_Work instruction_: Reproduce exactly, and only, the lines of the material below running from the line bearing "Faith based films" through the line bearing "Dise?o de camiseta de delf?n arcoiris.". Leave any pictures out.

_Entries shown_:
┄┄┄┄┄┄┄┄┄┄┄┄┄┄┄┄┄┄┄┄
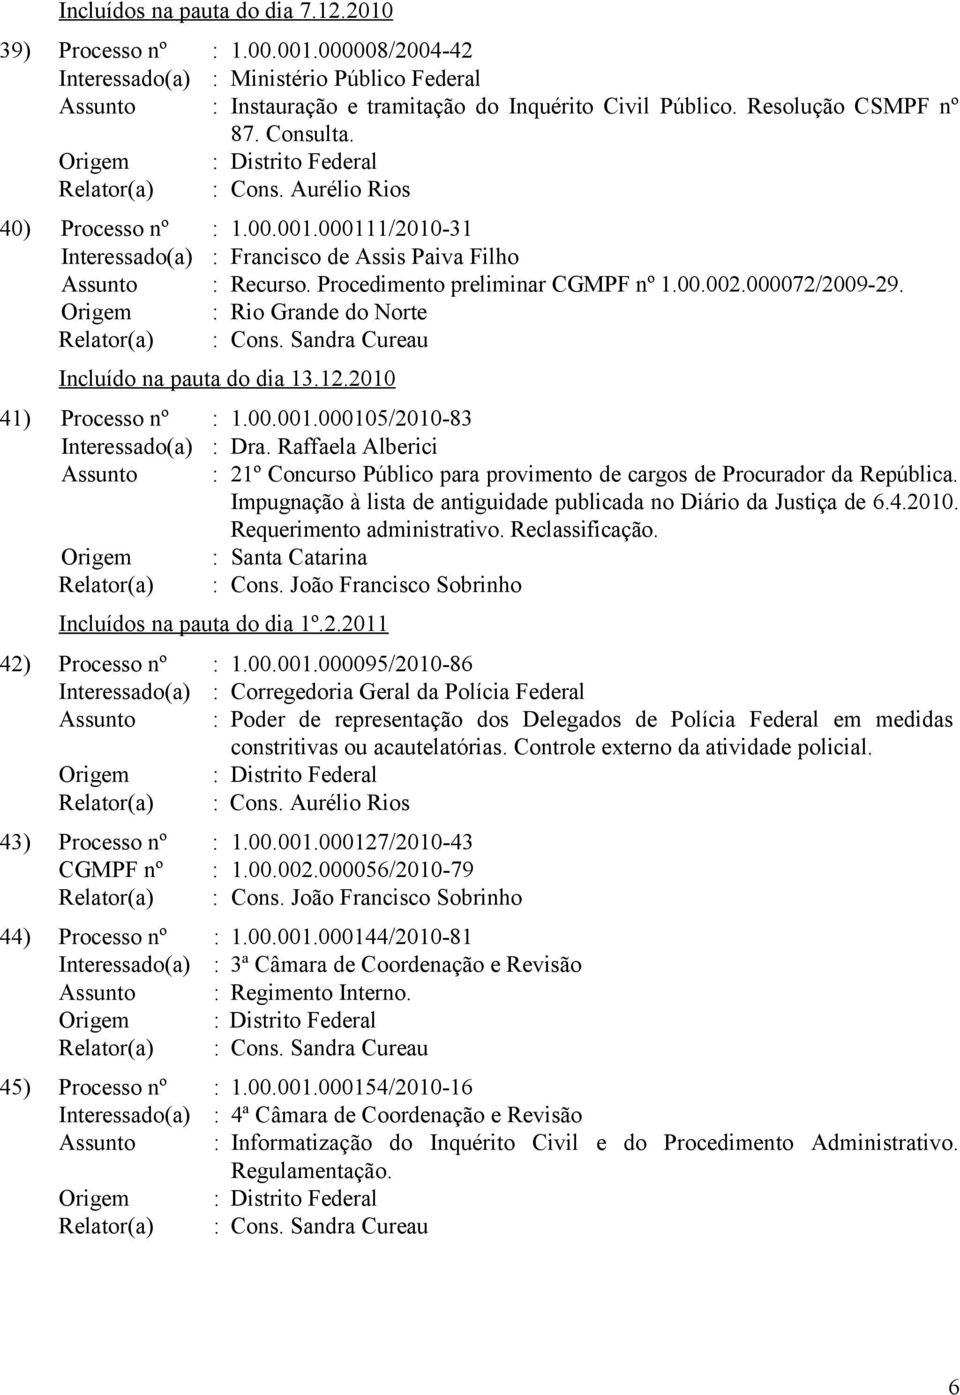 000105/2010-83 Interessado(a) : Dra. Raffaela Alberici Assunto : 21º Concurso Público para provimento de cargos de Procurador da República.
┄┄┄┄┄┄┄┄┄┄┄┄┄┄┄┄┄┄┄┄
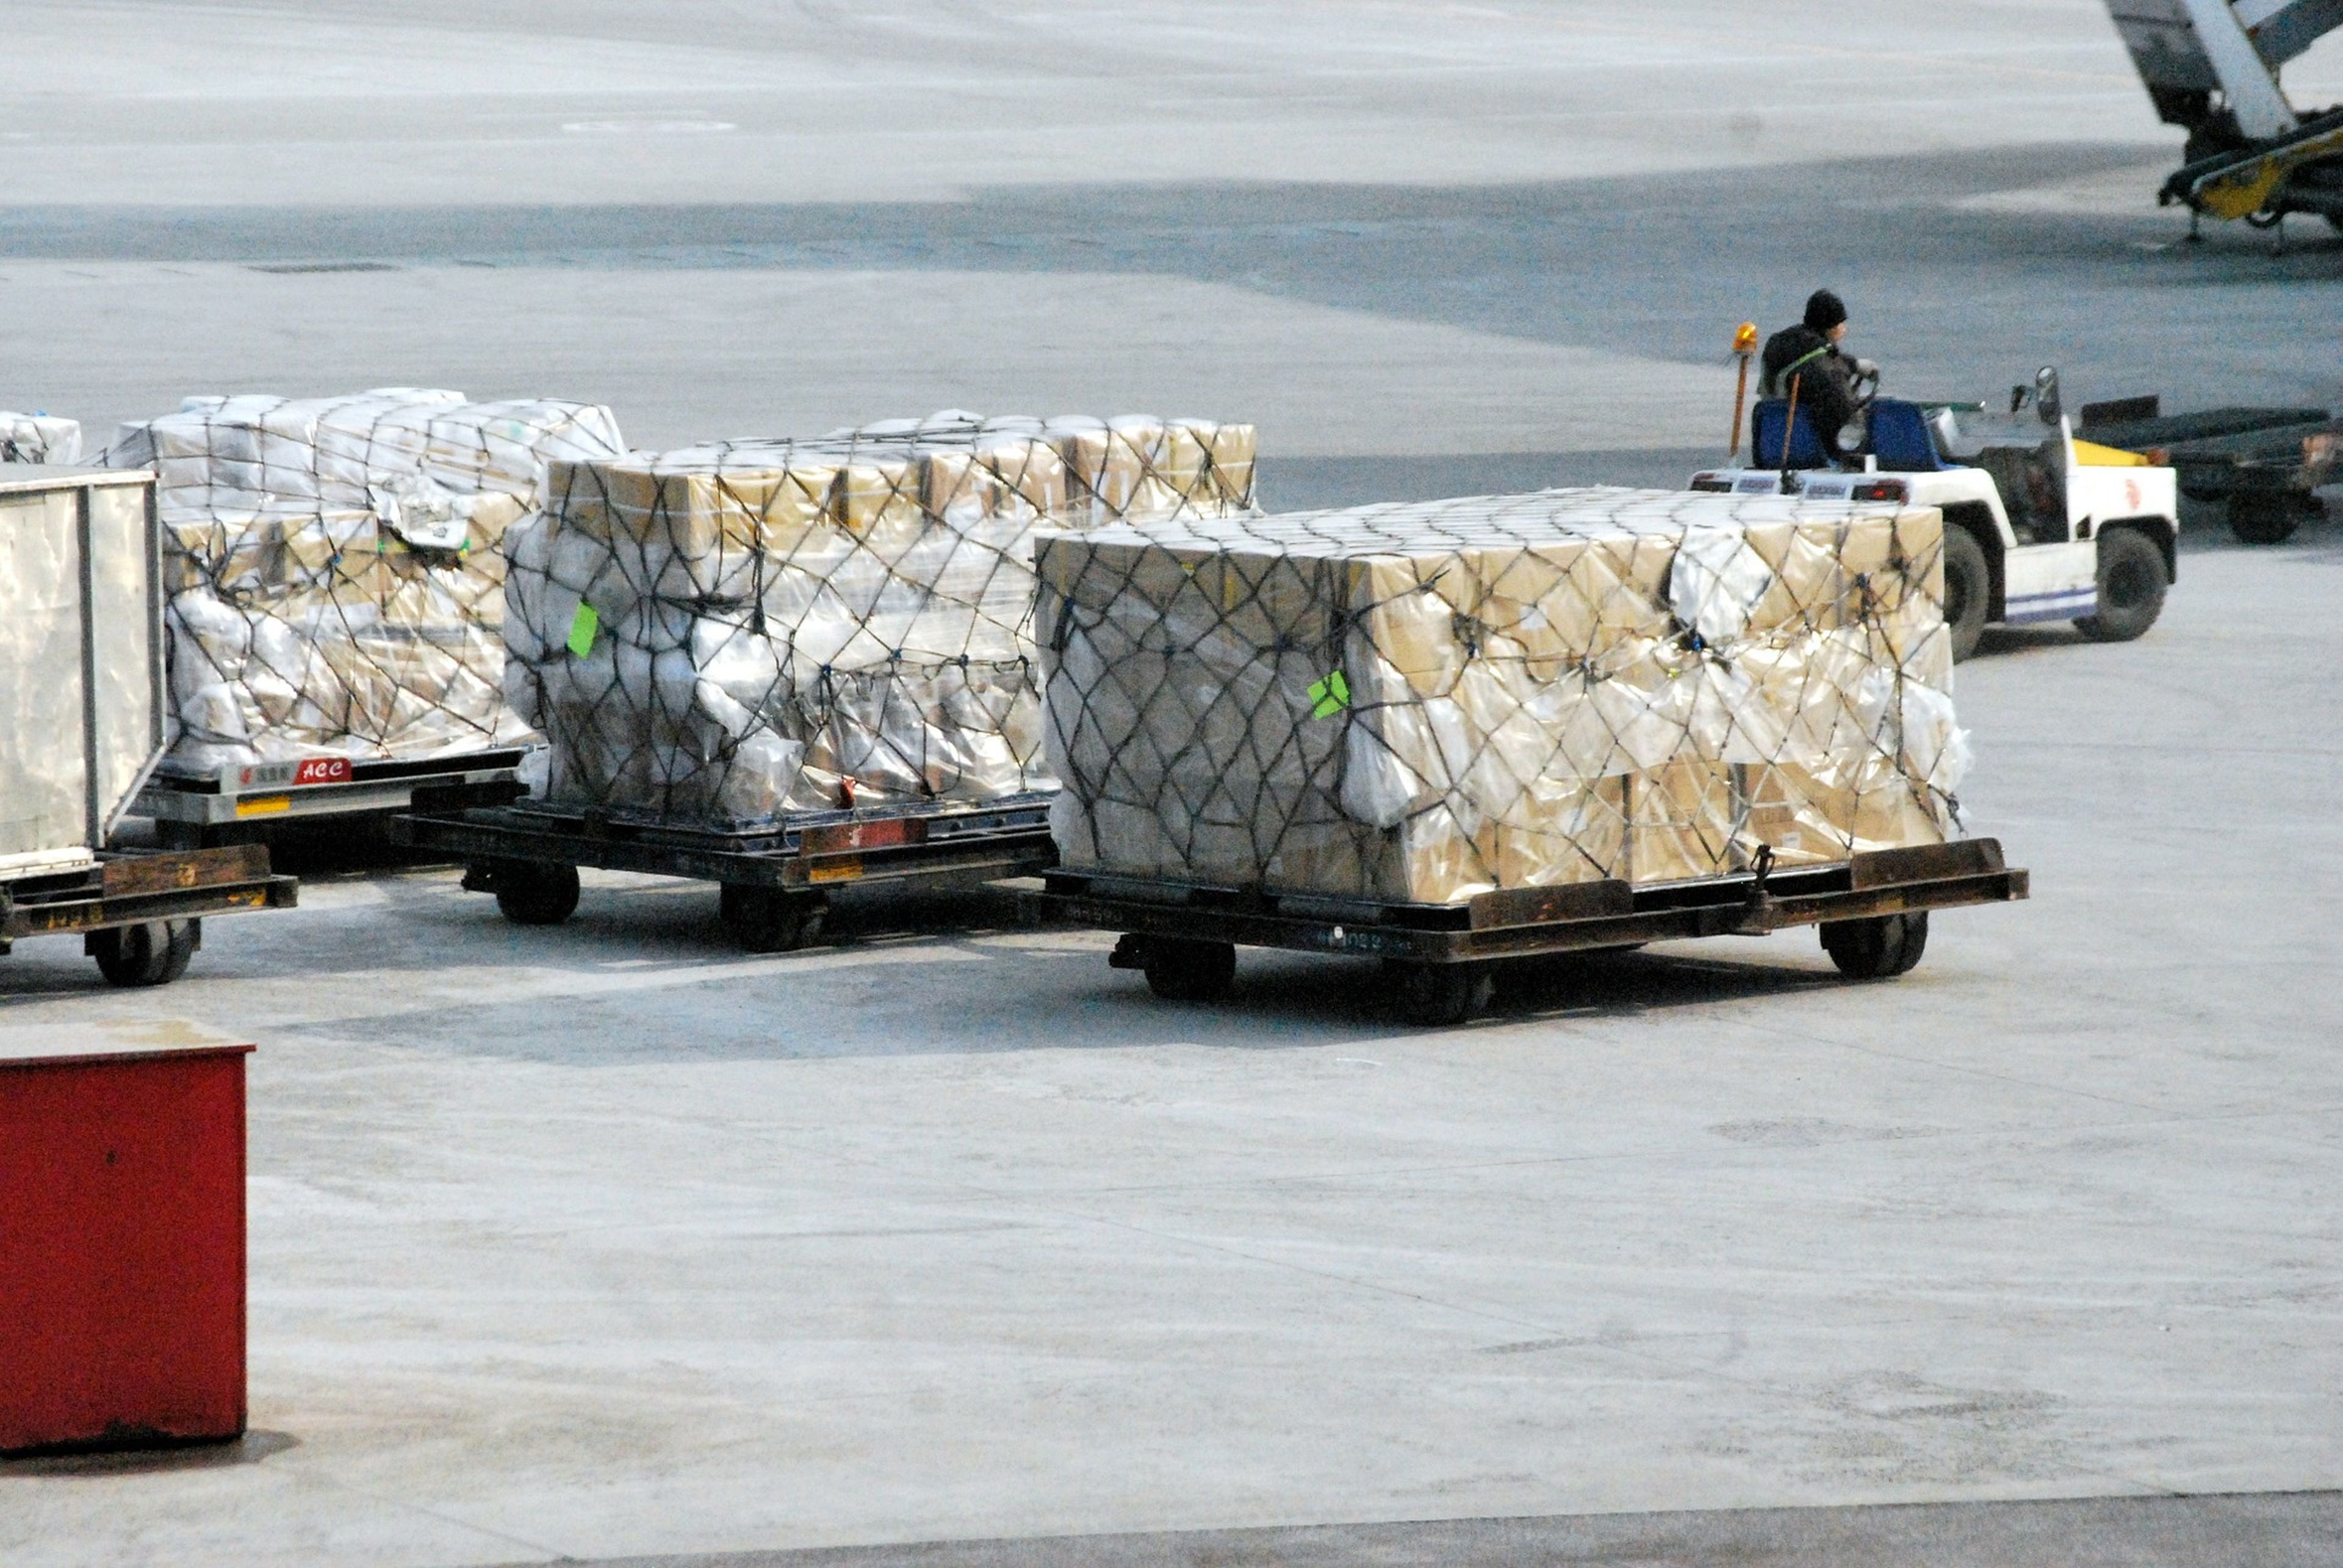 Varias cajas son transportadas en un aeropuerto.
┄┄┄┄┄┄┄┄┄┄┄┄┄┄┄┄┄┄┄┄
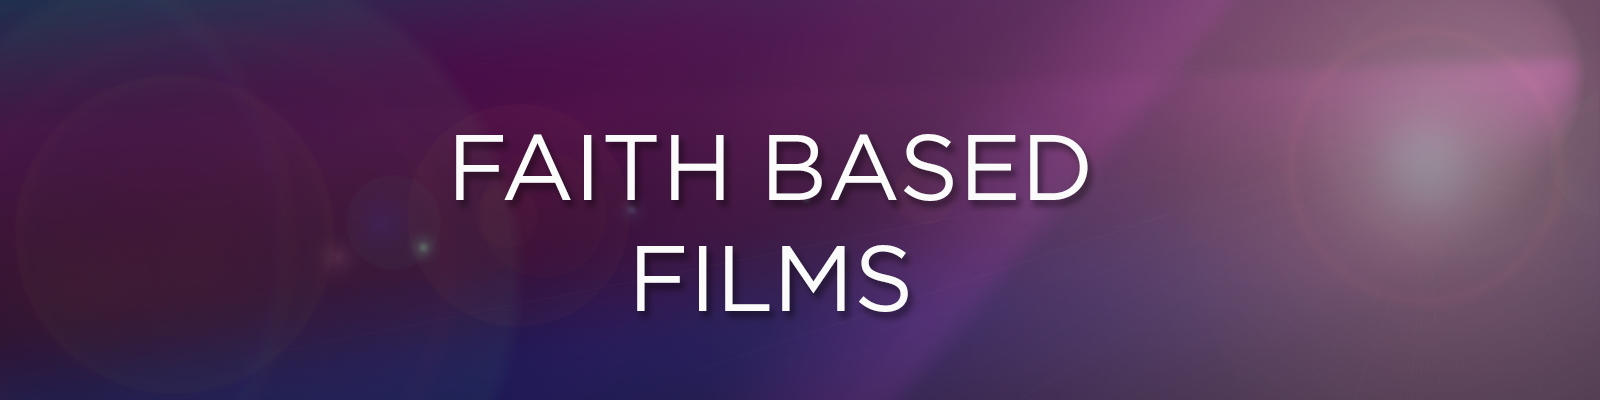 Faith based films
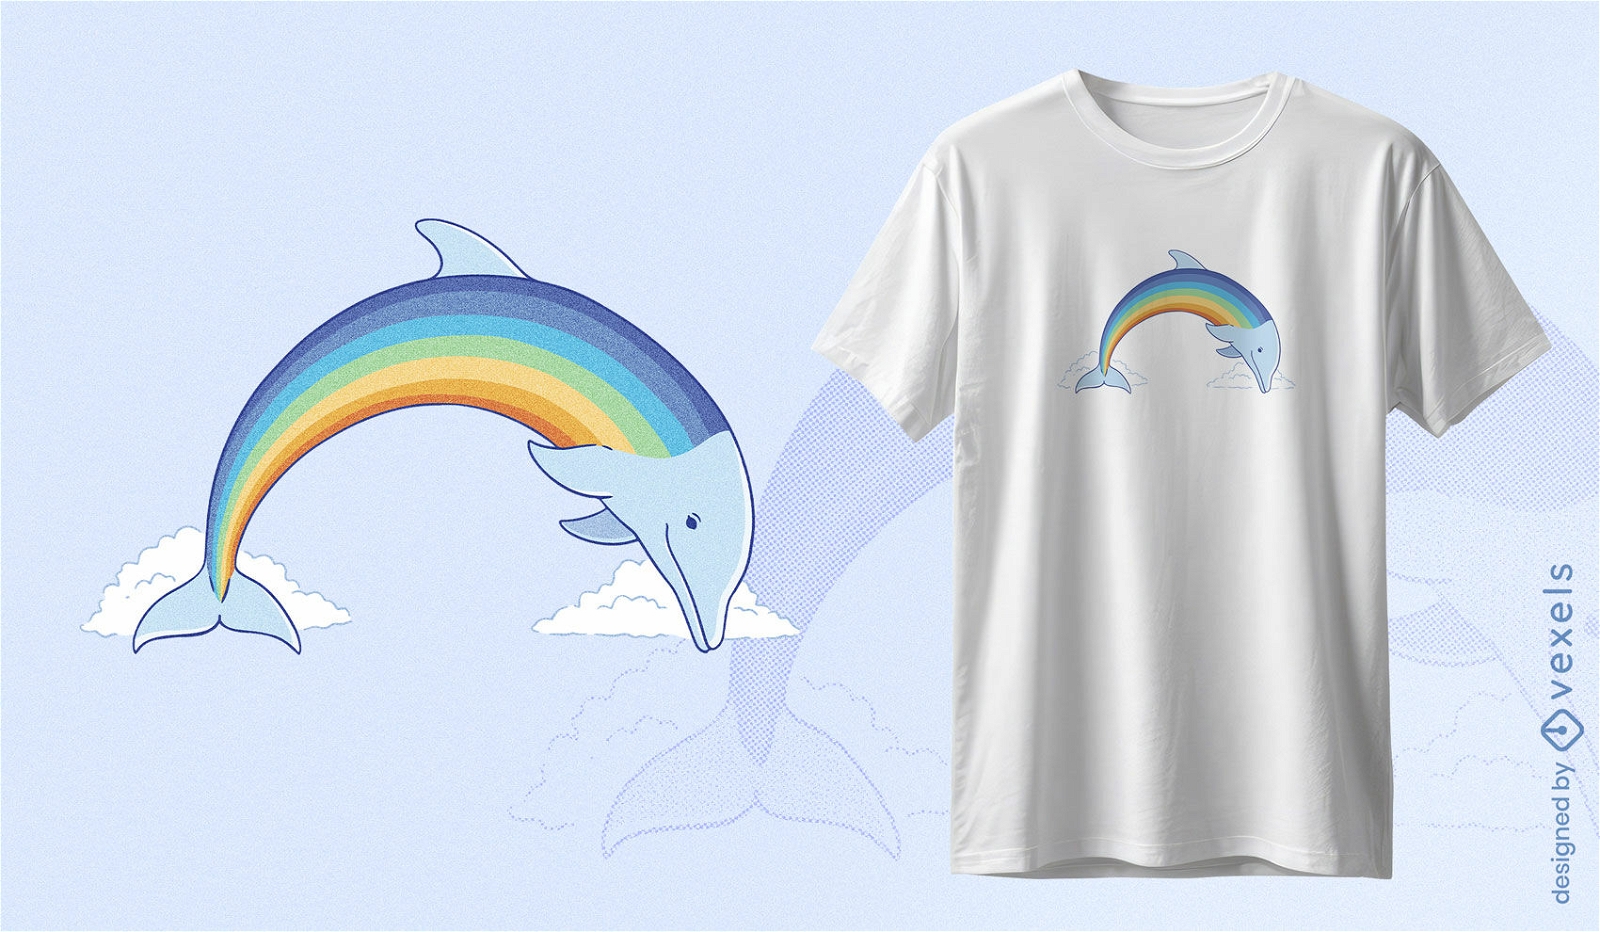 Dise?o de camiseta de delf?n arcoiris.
┄┄┄┄┄┄┄┄┄┄┄┄┄┄┄┄┄┄┄┄
_Task response_:
 Faith based films
 Dise?o de camiseta de delf?n arcoiris.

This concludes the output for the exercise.